Proposal: Refer to types by name
The simplest idea to understand is being able to specify the type using the named definitions that the compiler already knows. These are based on the OpenAPI descriptions used to generate Bicep's type definitions. In this example the type of rule is determined by looking up the provided type string against the resource type definitions.
param rule type 'Microsoft.Network/loadBalancers@2020-06-01#LoadBalancerRule'
resource balancer 'Microsoft.Network/loadBalancers@2020-06-01' = {
name: 'cool-load-balancer'
properties: {
loadBalancingRules: [
rule
]
}
}The part after the # is the type name, which is looked up in the context of the provided resource type. Failure to find the specified type would be a warning the failure to find a declared resource type.
To make this work we'd want to provide completion for the part after #. So the user can get completion for the whole string in 3 parts.
note: the syntax shown here is chosen to be similar/consistent with this proposal for type-specifiers for resources.
- Pro: This is really simple to understand and consistent with how many languages specify types.

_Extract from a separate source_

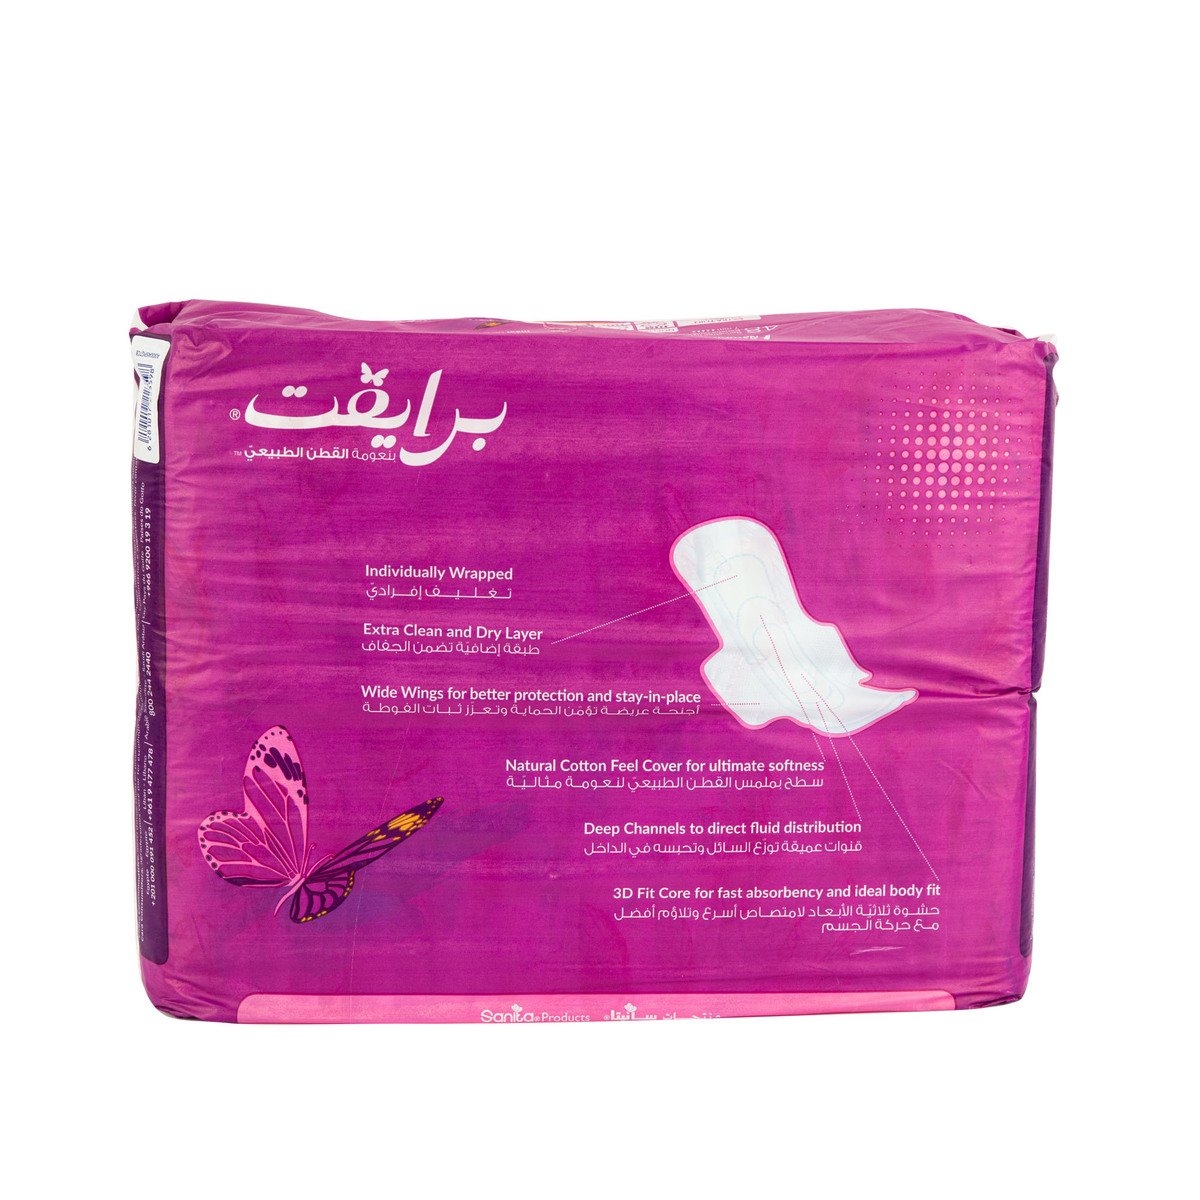 Sanita Private Cotton Night Feminine Pads With Wings Value Pack 48pcs

- Con: Discoverability might be poor if the names chosen in the OpenAPI are poor. Fortunately these names are also used in SDK generation.
- Con: Only applies to named types. For example a string property with an enum of allowed values is not a named type.
Proposal: Add a typeof specifier
This is similar to typeof type operator in TypeScript. In this example that type of the rule parameter is specify by type checking the provided expression.
param rule typeof balancer.properties.loadBalancingRules[0]
resource balancer 'Microsoft.Network/loadBalancers@2020-06-01' = {
name: 'cool-load-balancer'
properties: {
loadBalancingRules: [
rule
]
}
}The expression passed to typeof could be any expression (in theory) and could be combined with other type-specifier constructs as necessary. The expression is not evaluated, it is only type-checked.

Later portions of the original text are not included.